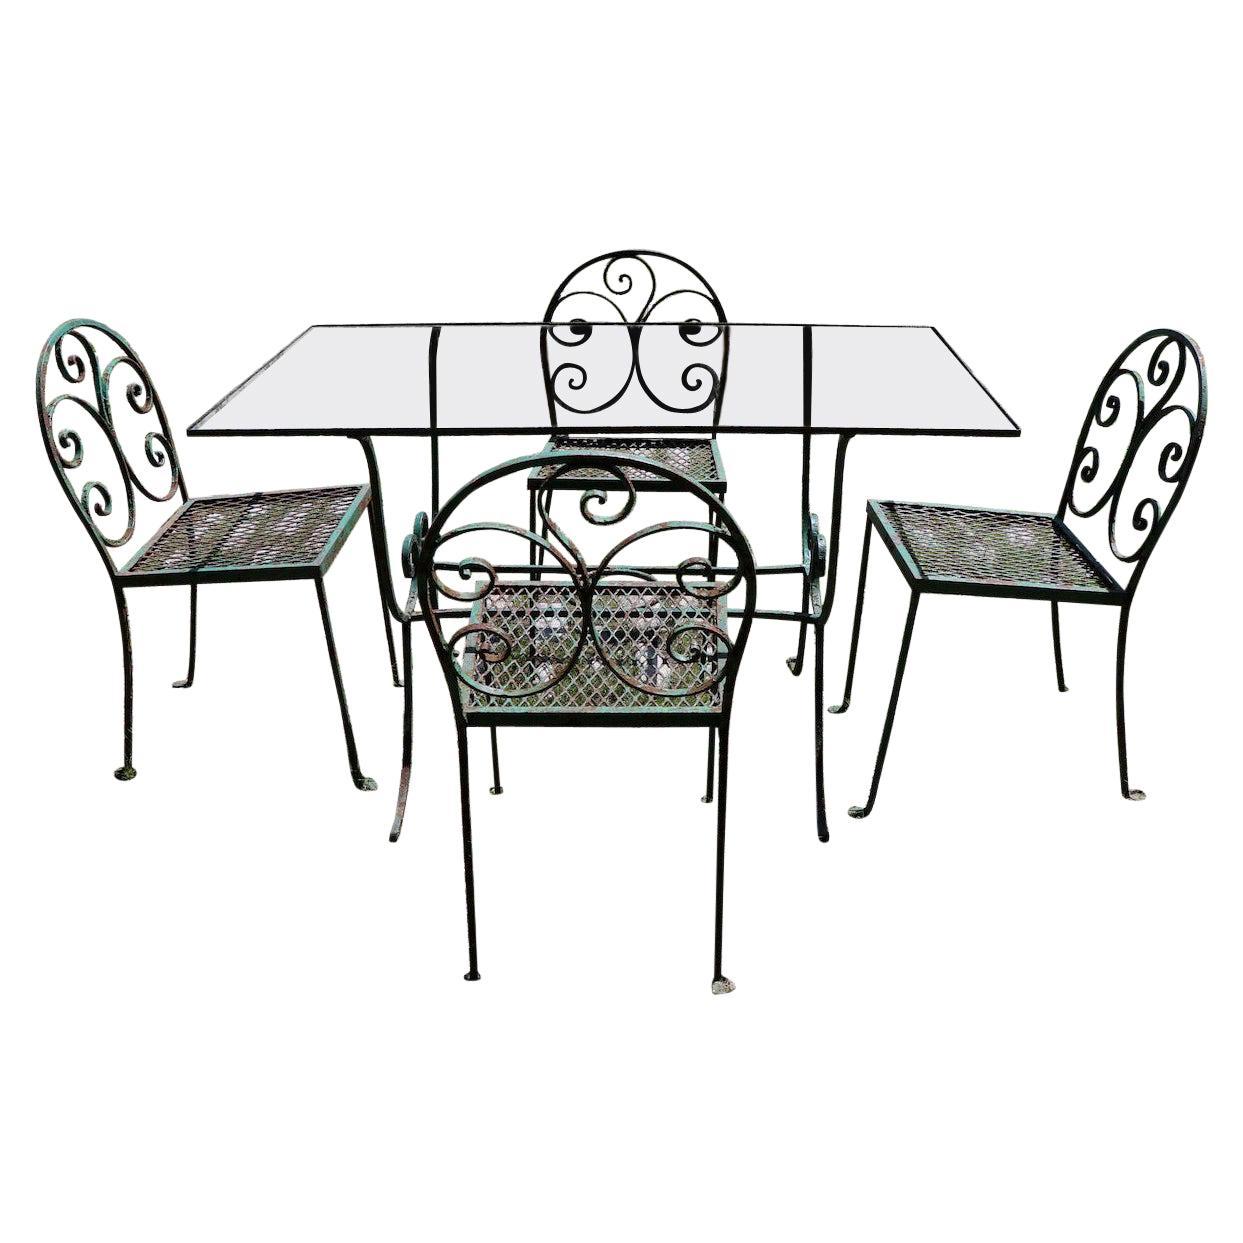 Art Deco Garden Patio Dining Set in the Style of Salterini
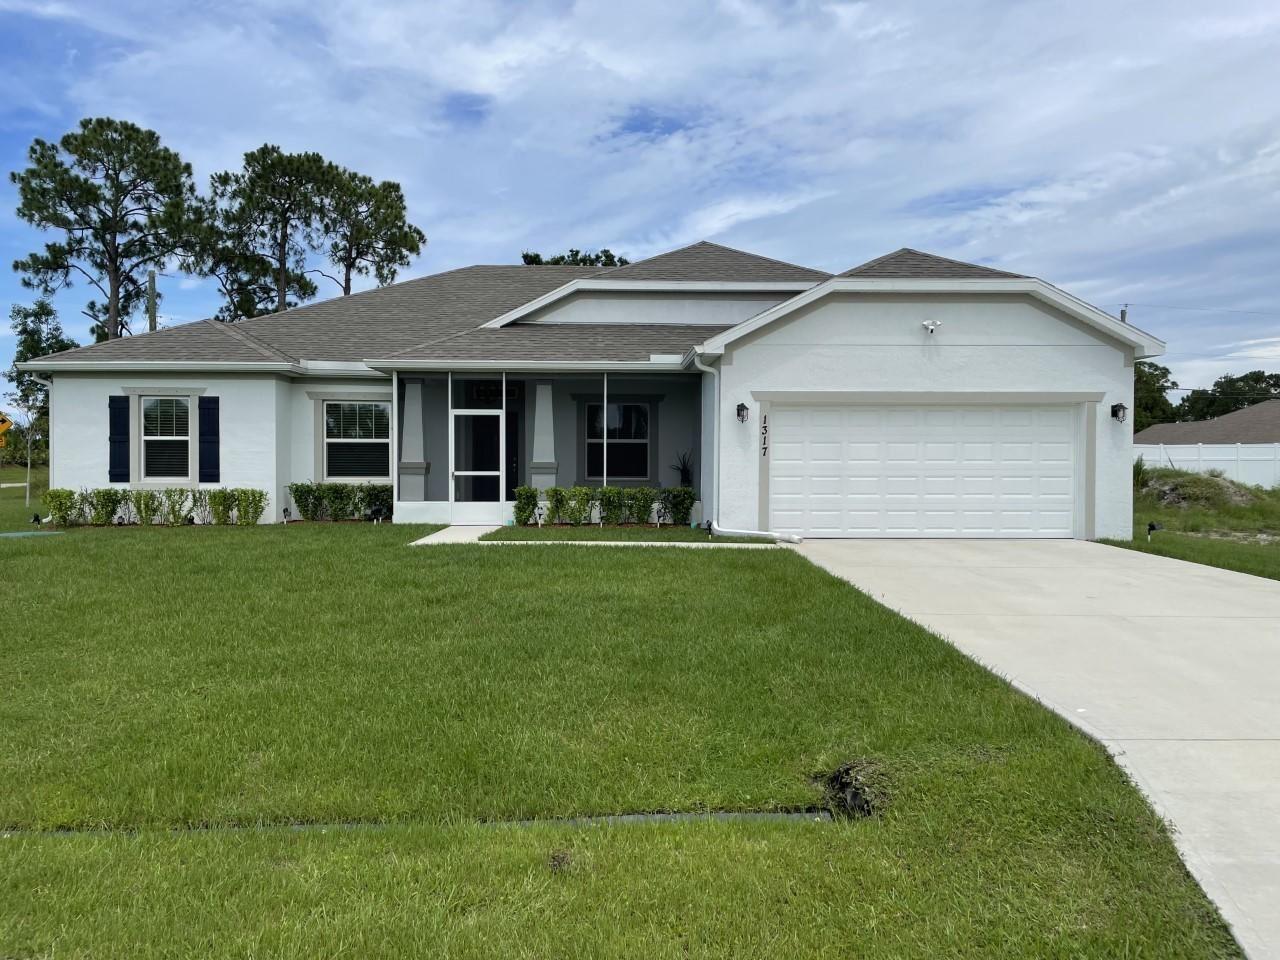 Photo of 1317 SE Odonnell Lane, Saint Lucie West, FL 34983 (MLS # RX-10726523)
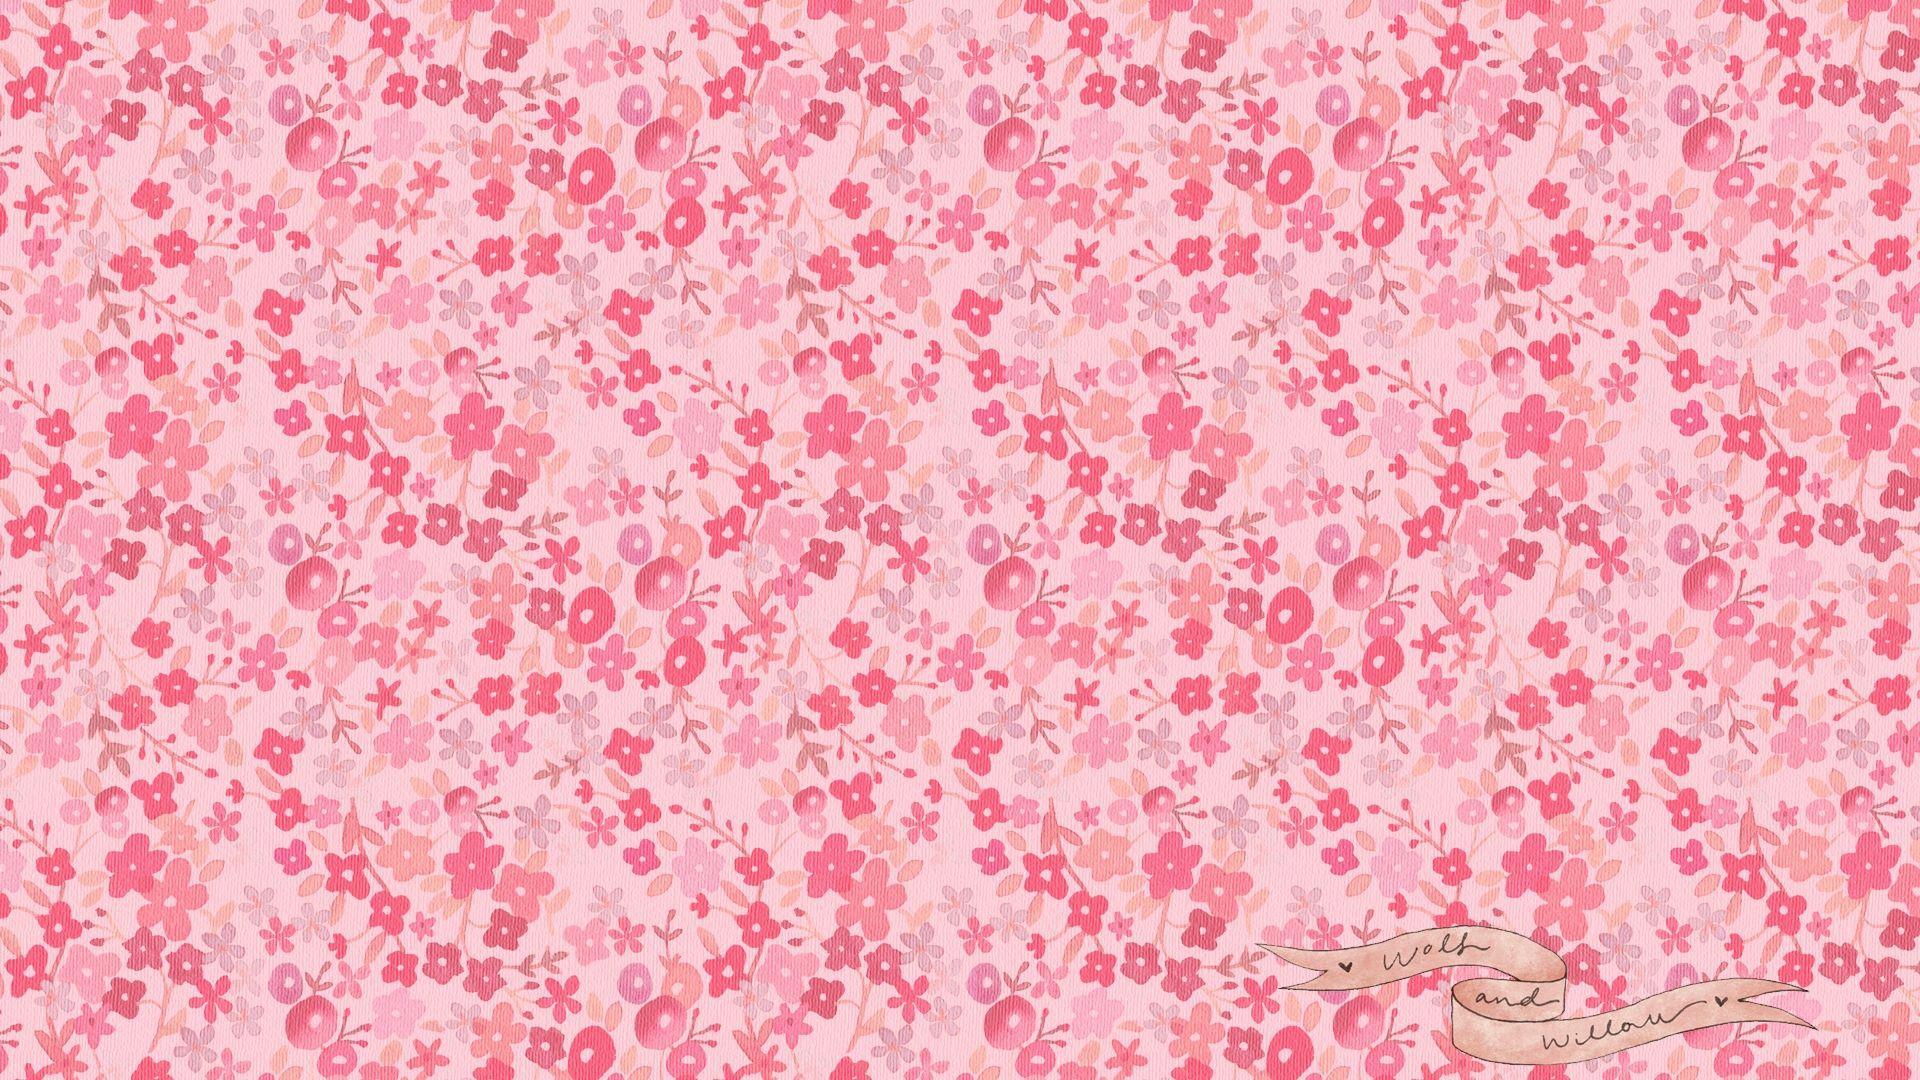 vintage pink 1920a—1080 vintage desktop wallpaper 1920x1080 wallpapers gallery
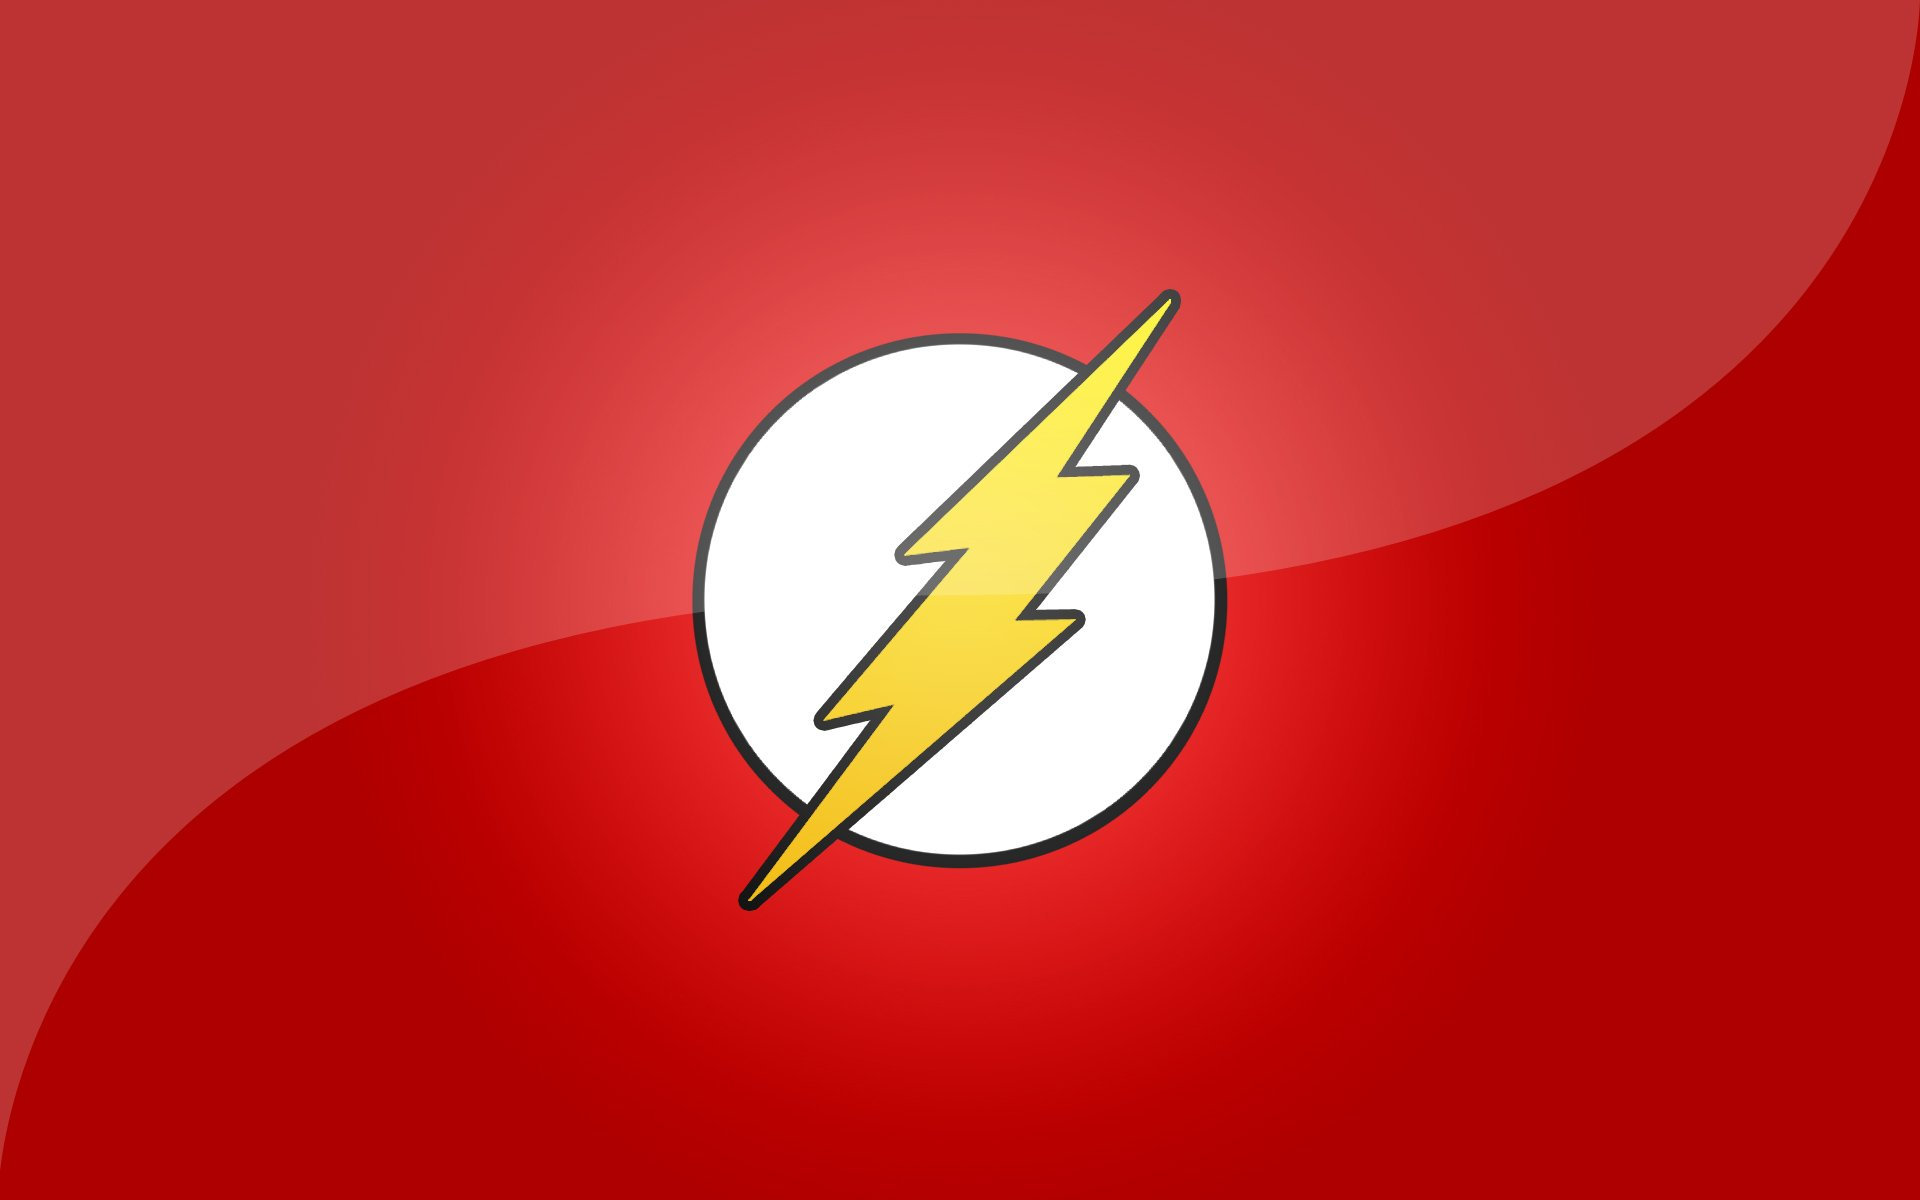 dc comics the flash logos flash superhero wallpaper 1920x1200 rh wallpaperup com dc logo wallpaper hd dc logo wallpaper hd

• What to work on:
Retype the data above exactly. Leave the pictures out.

• Response:
 Art Deco Garden Patio Dining Set in the Style of Salterini
 Photo of 1317 SE Odonnell Lane, Saint Lucie West, FL 34983 (MLS # RX-10726523)
 vintage pink 1920a—1080 vintage desktop wallpaper 1920x1080 wallpapers gallery
 dc comics the flash logos flash superhero wallpaper 1920x1200 rh wallpaperup com dc logo wallpaper hd dc logo wallpaper hd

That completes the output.